SUPPLIED INFORMATION:
============

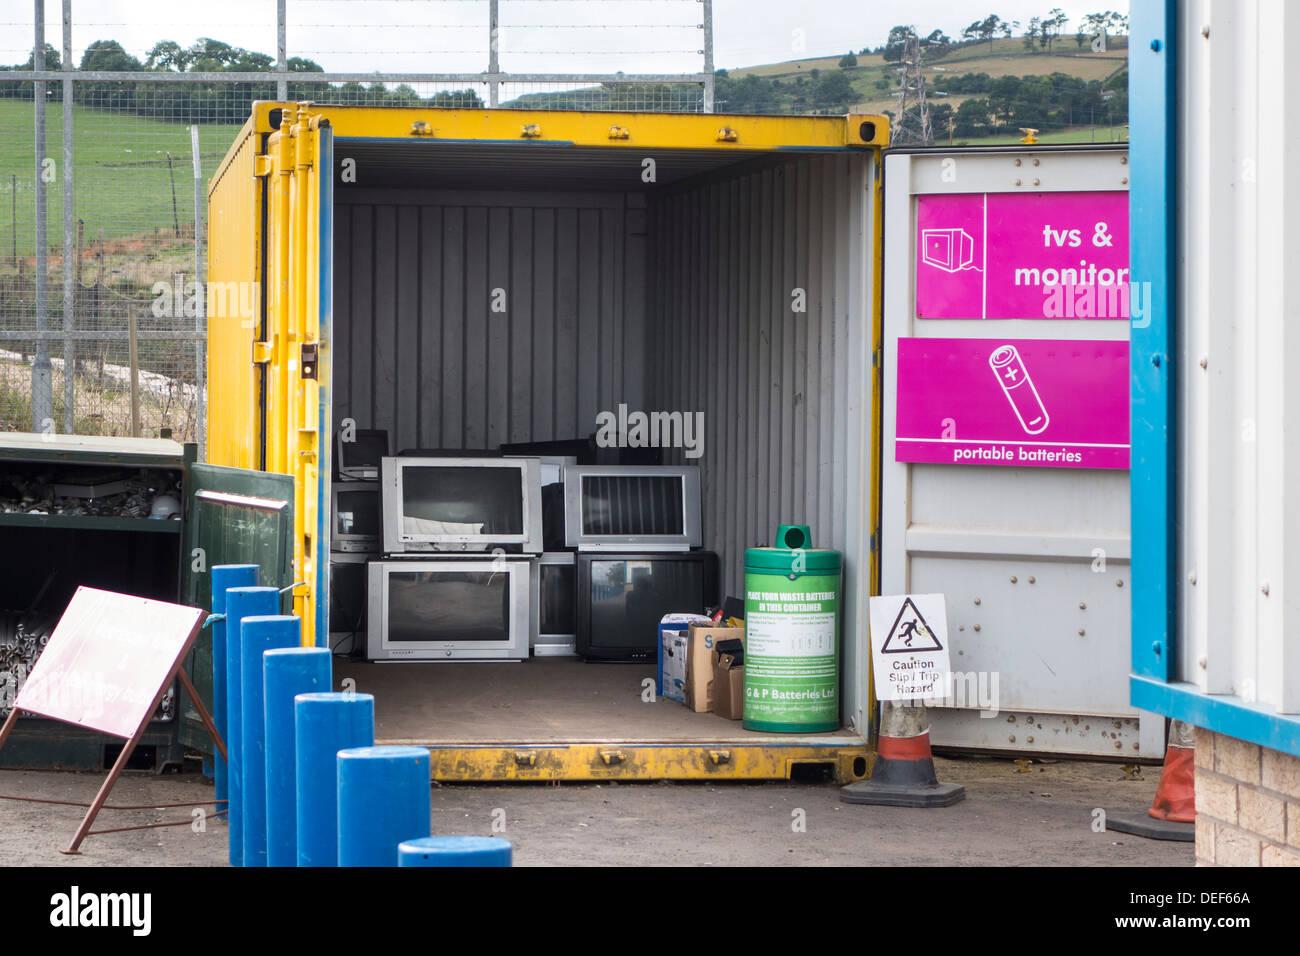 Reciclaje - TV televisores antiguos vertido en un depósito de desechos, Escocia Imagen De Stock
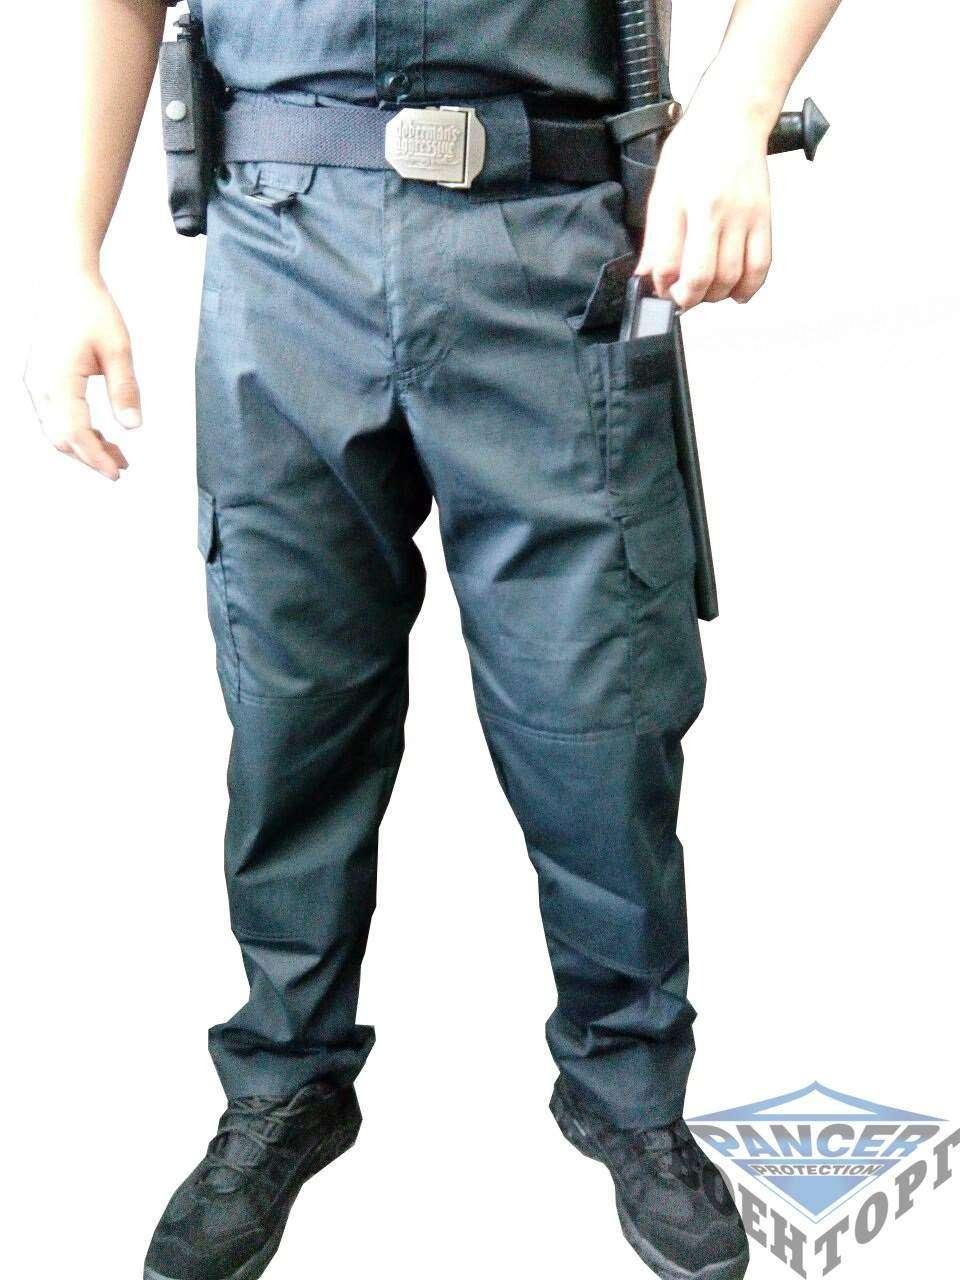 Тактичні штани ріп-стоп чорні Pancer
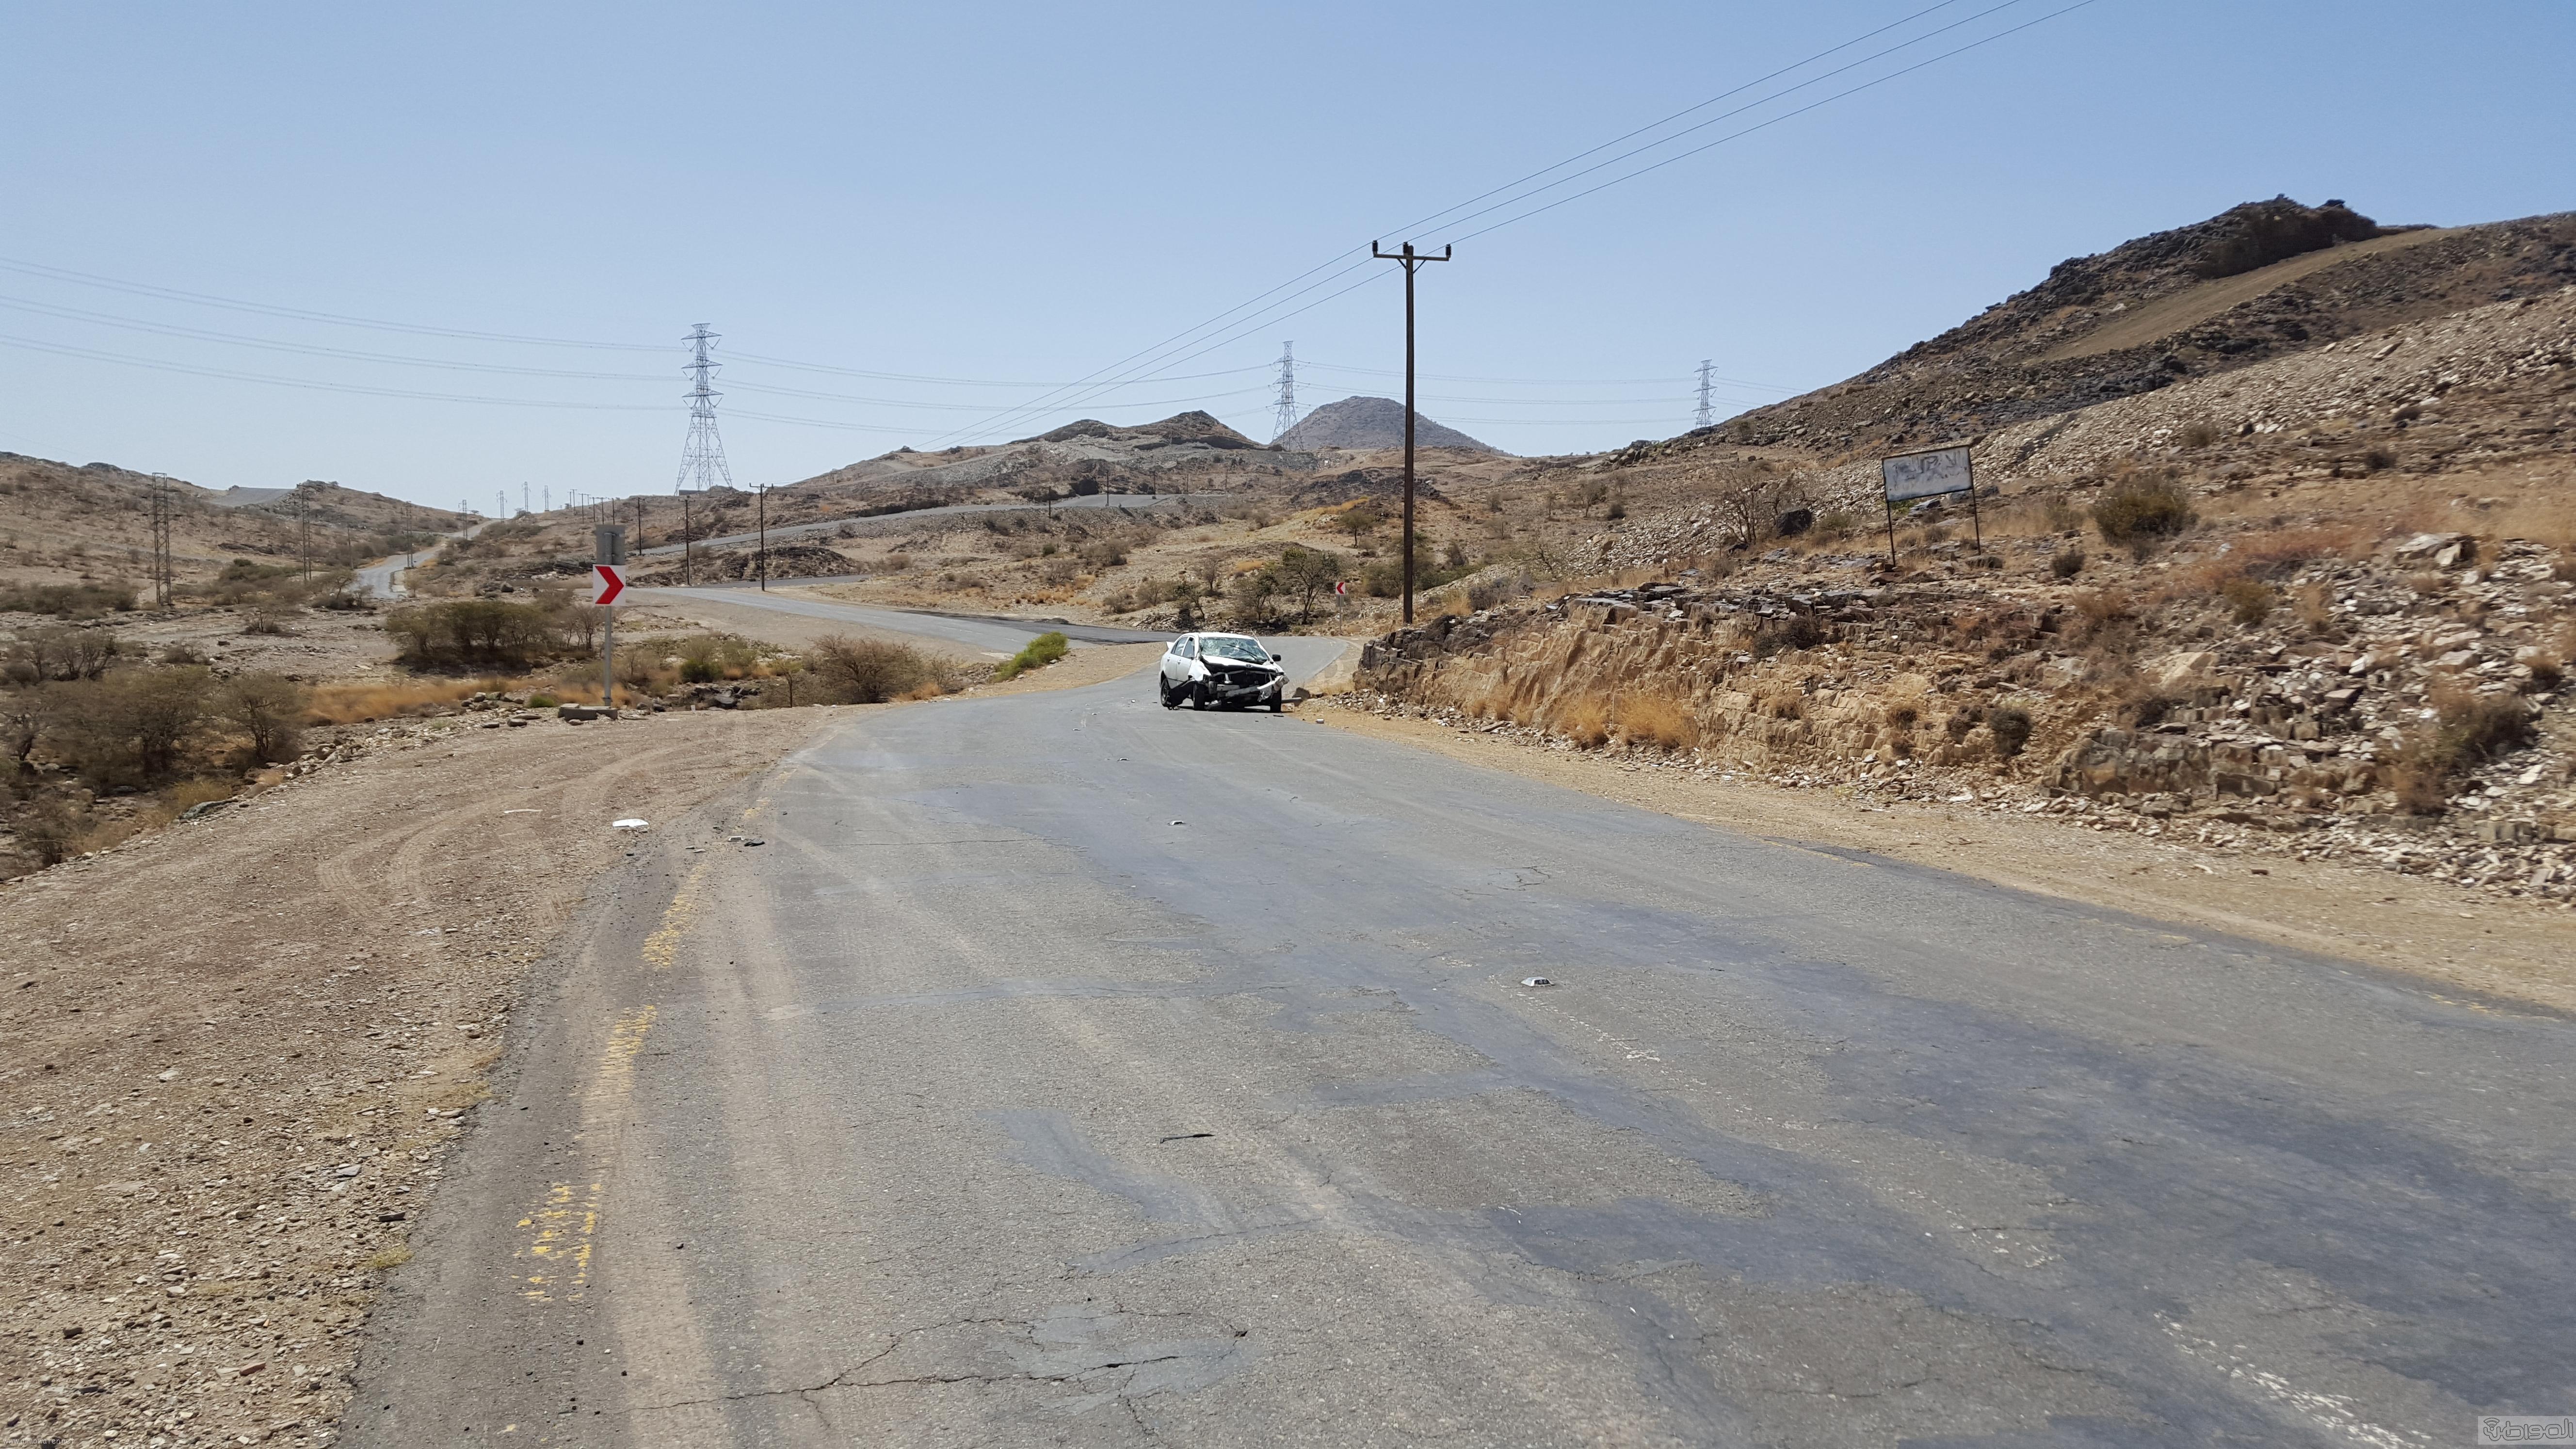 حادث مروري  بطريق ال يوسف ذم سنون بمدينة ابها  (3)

============

Omit pictures and output the listing exactly.

RESPONSE BOX:
 Reciclaje - TV televisores antiguos vertido en un depósito de desechos, Escocia Imagen De Stock
 Тактичні штани ріп-стоп чорні Pancer
 حادث مروري  بطريق ال يوسف ذم سنون بمدينة ابها  (3)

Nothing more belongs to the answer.